*About this exercise*.
Every line of the listing must be reproduced as it stands. Leave the images behind.

*Information provided*.
========================================================================
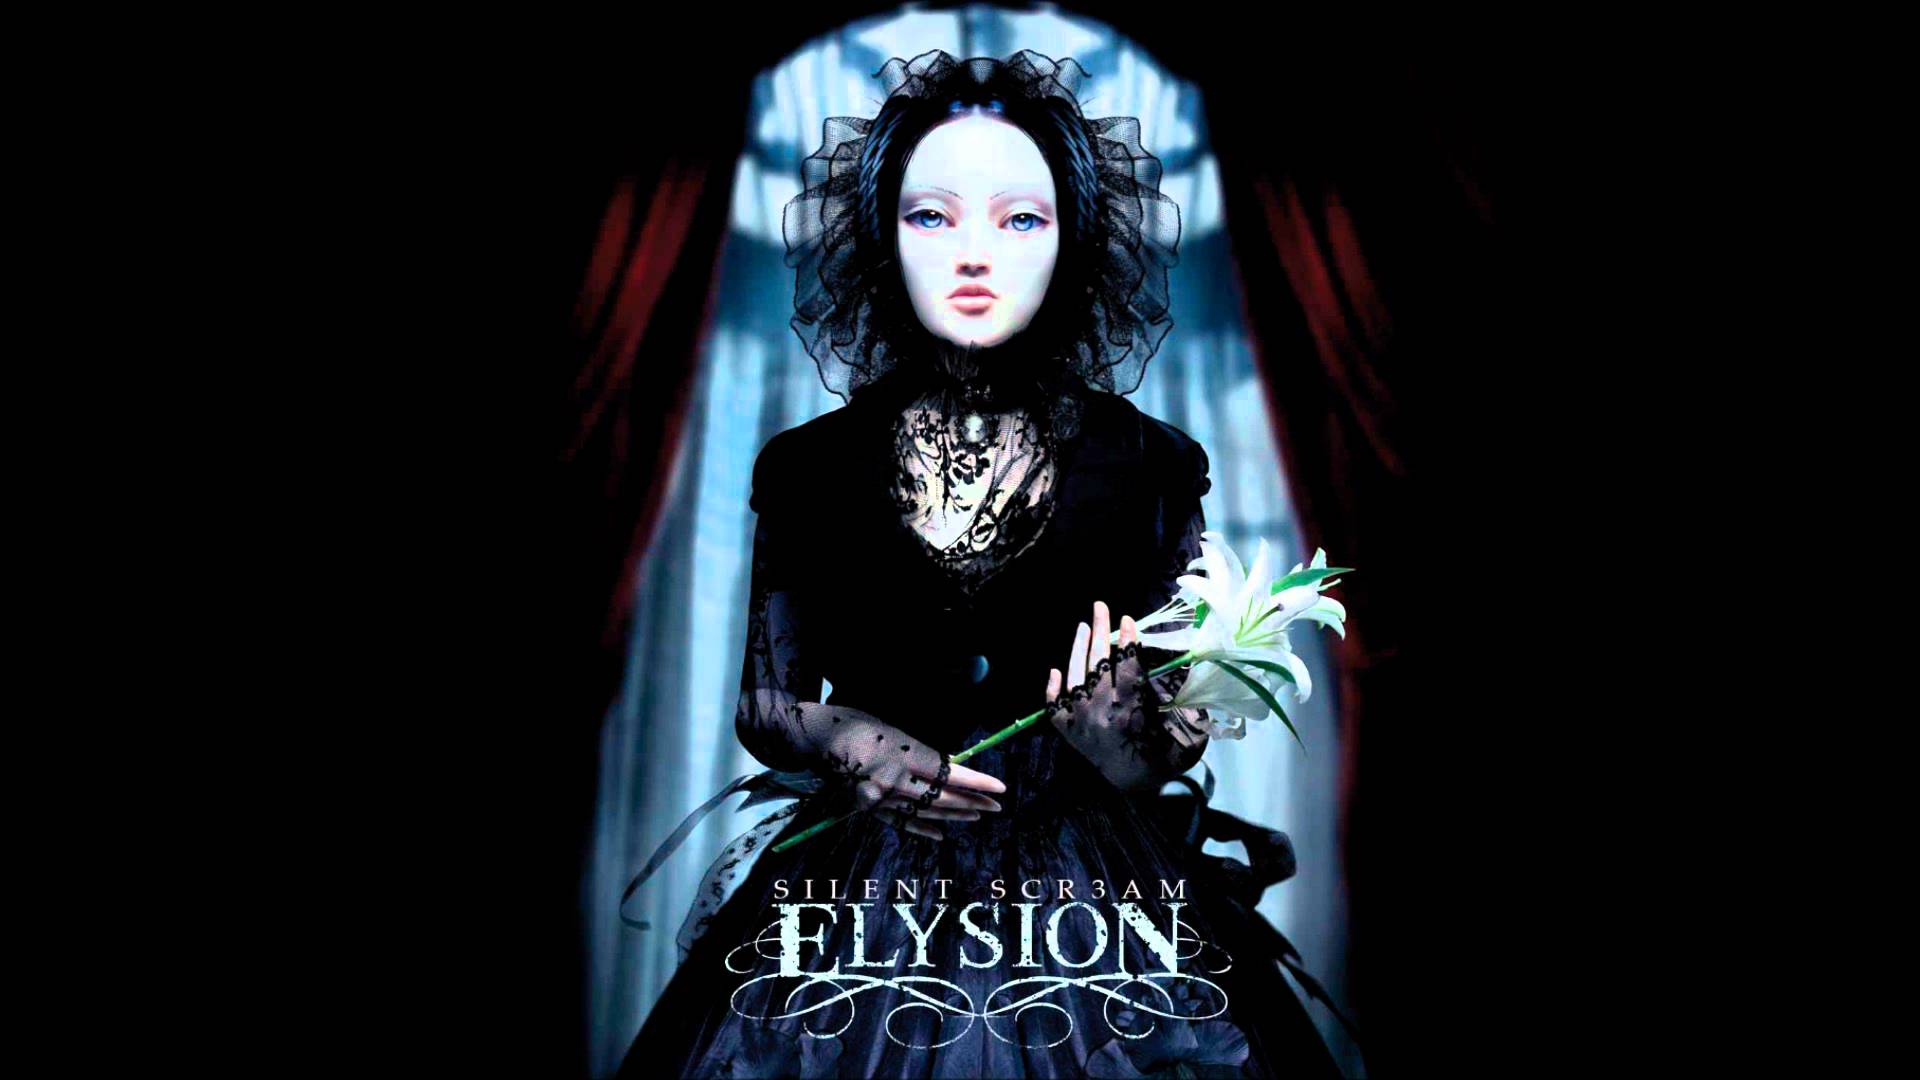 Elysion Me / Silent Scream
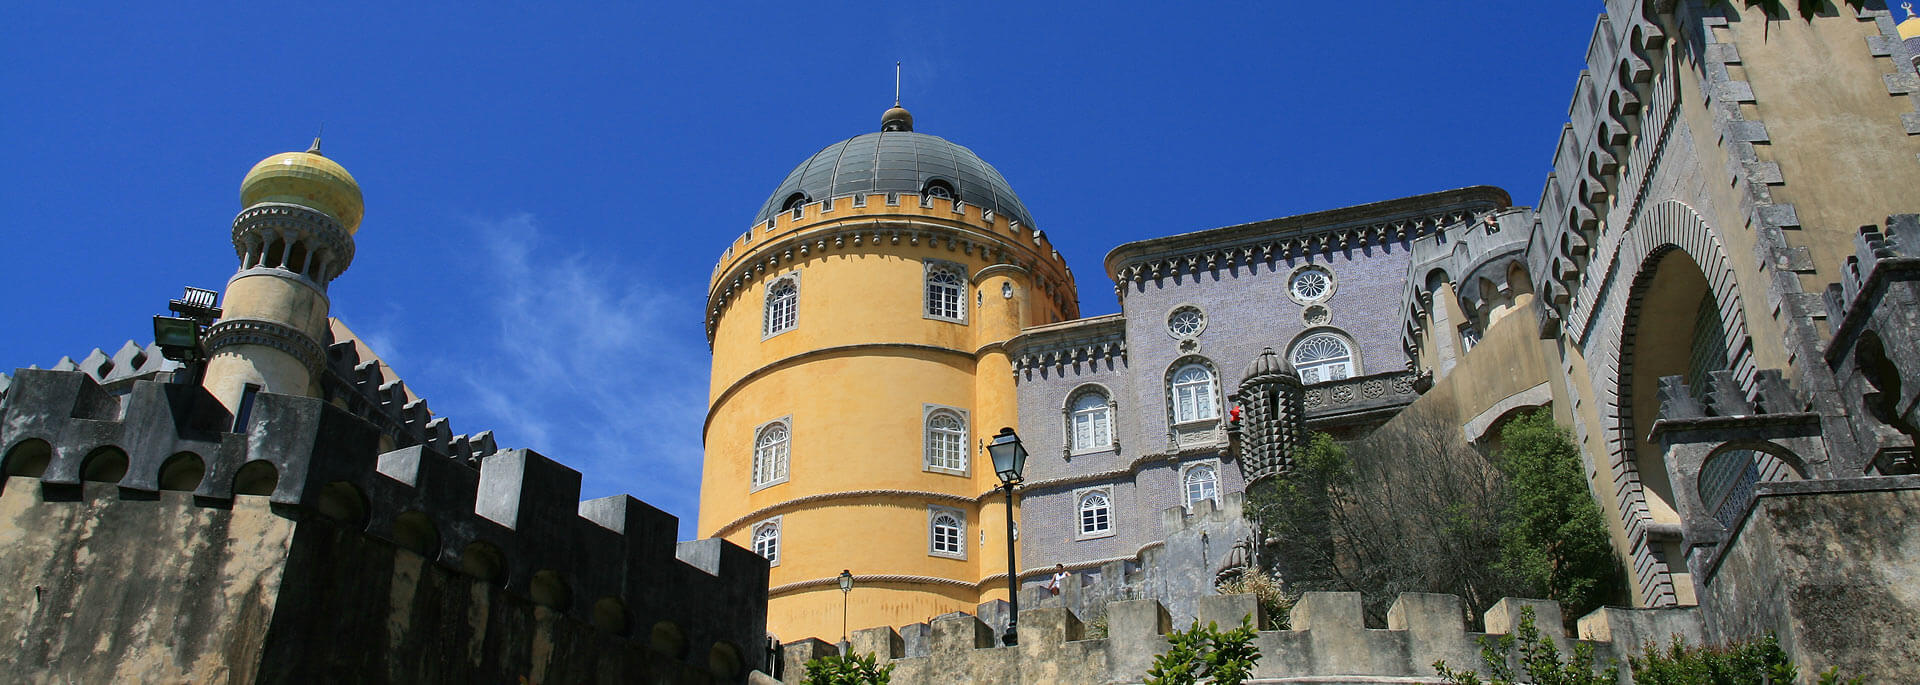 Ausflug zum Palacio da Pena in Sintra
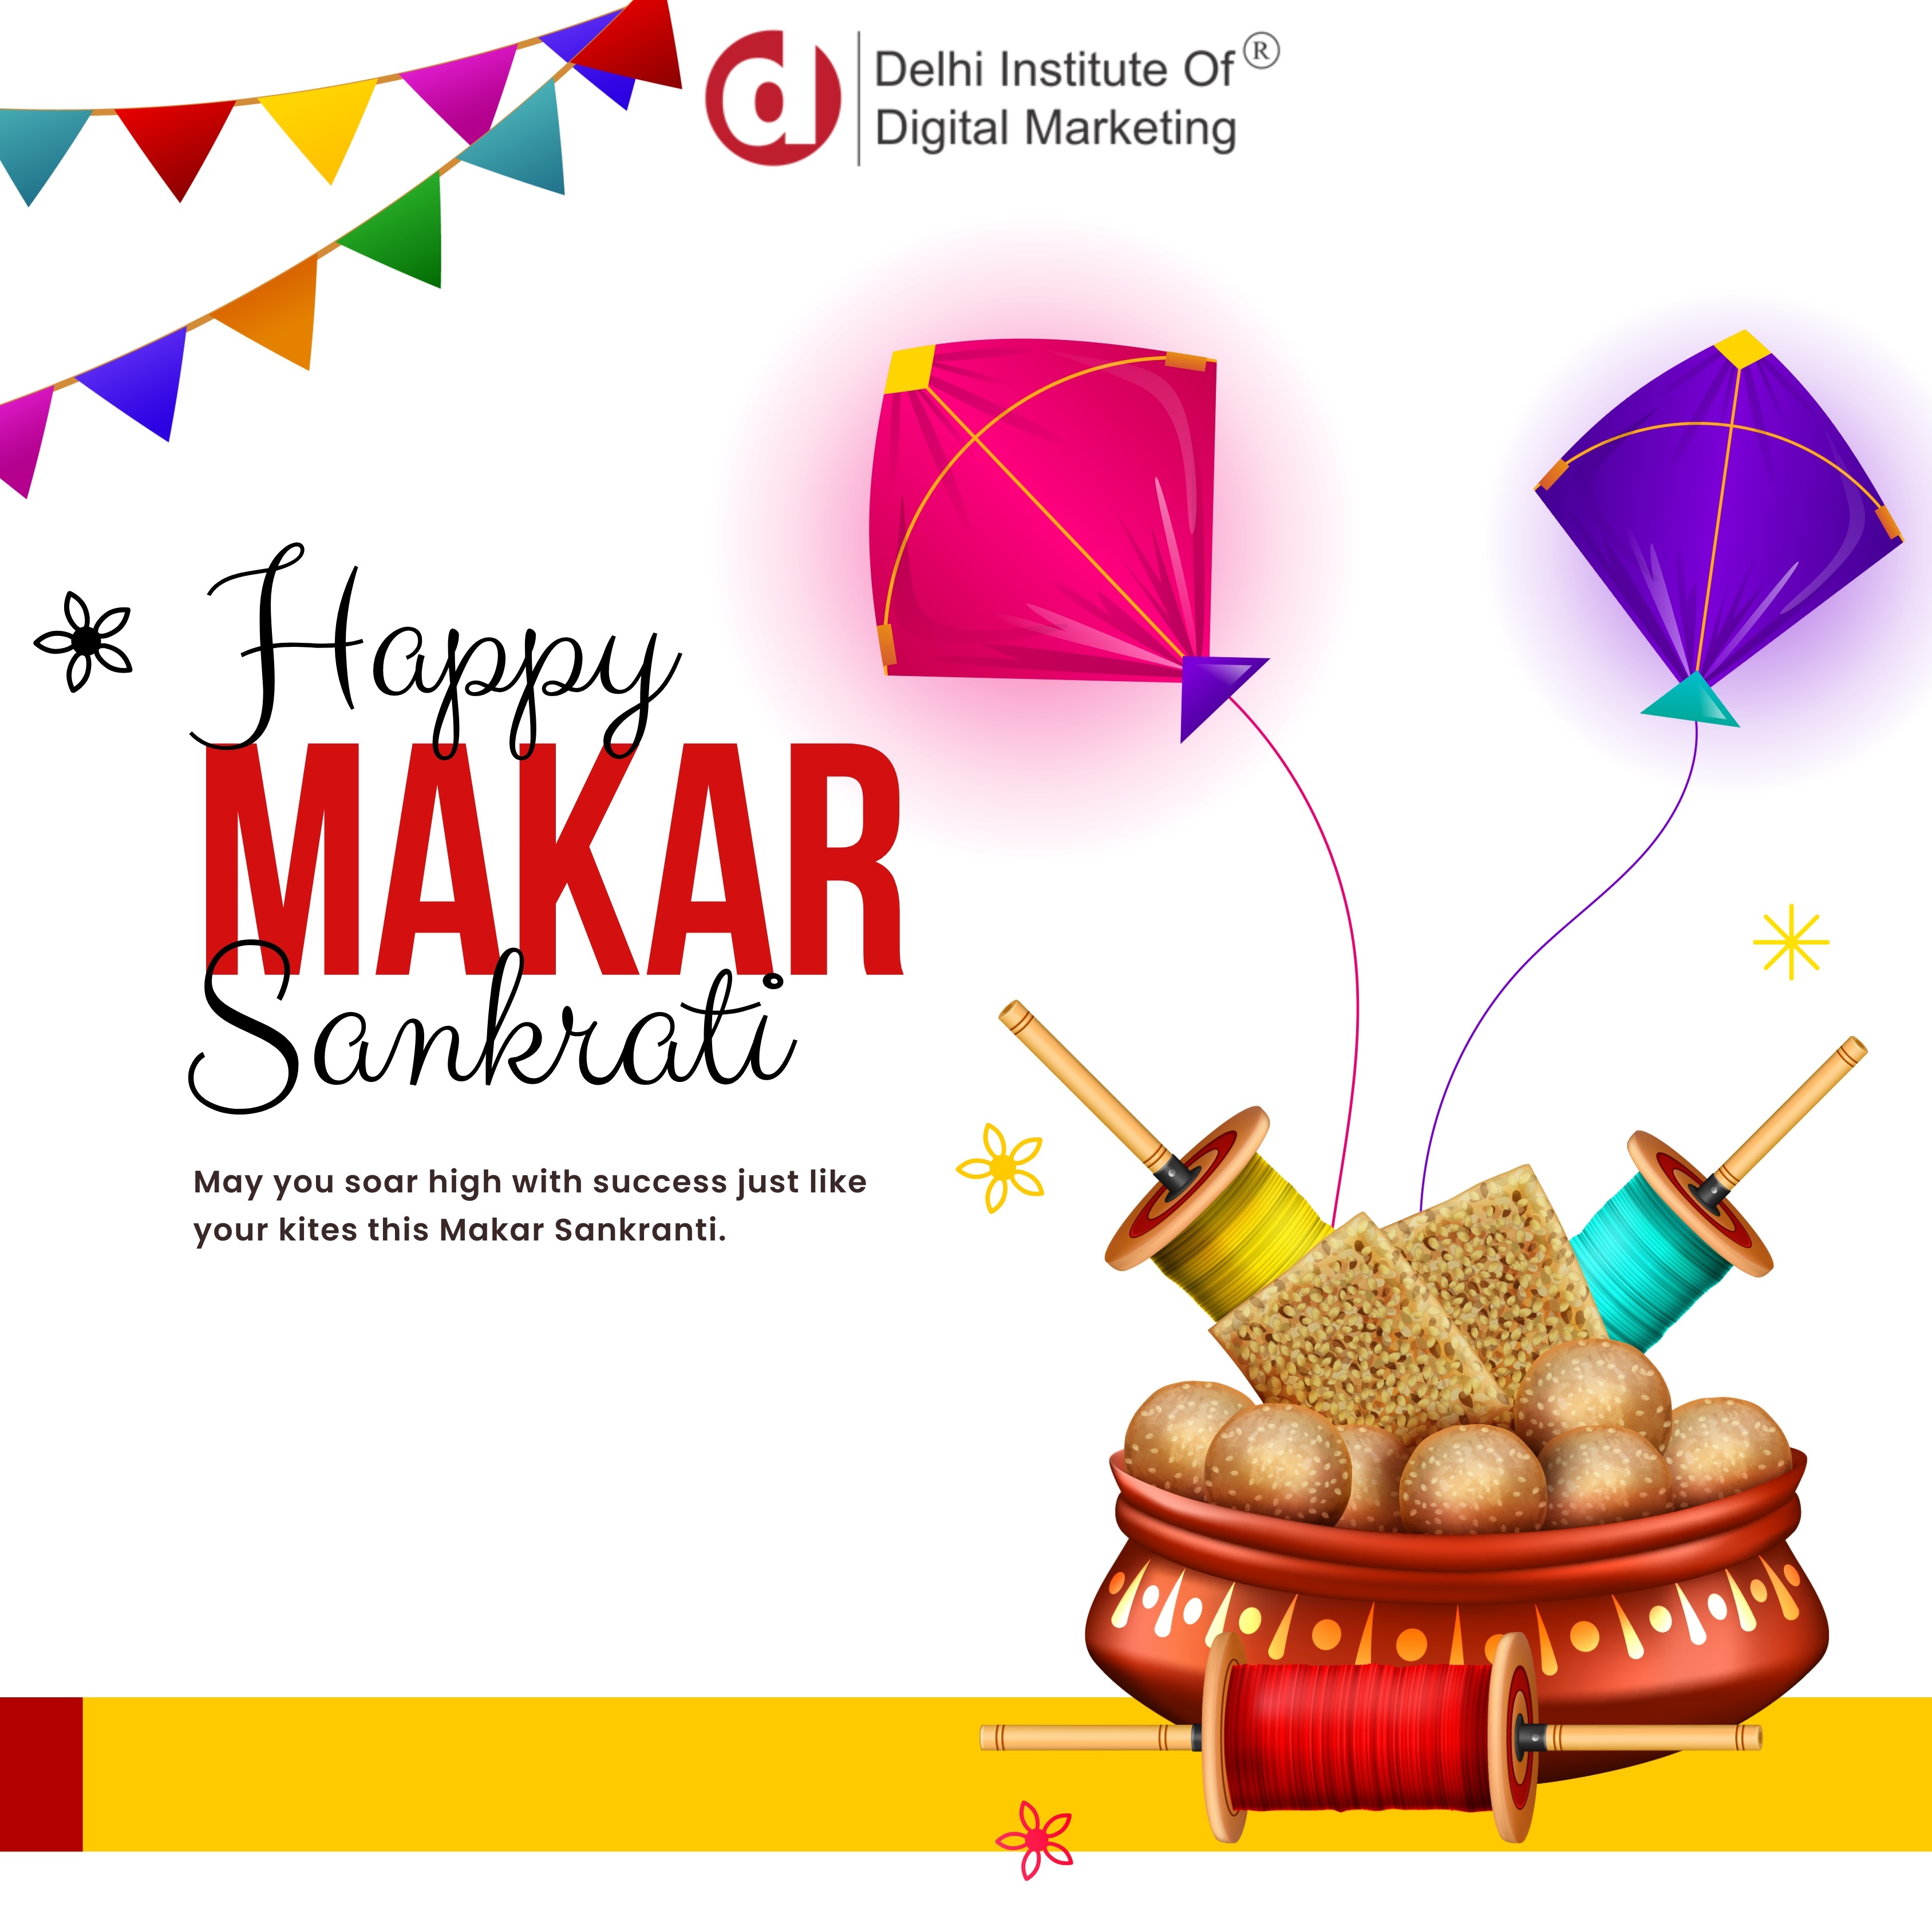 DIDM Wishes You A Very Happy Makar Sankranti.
========================================================================
*Answer to this task*.
 Elysion Me / Silent Scream
 Ausflug zum Palacio da Pena in Sintra
 DIDM Wishes You A Very Happy Makar Sankranti.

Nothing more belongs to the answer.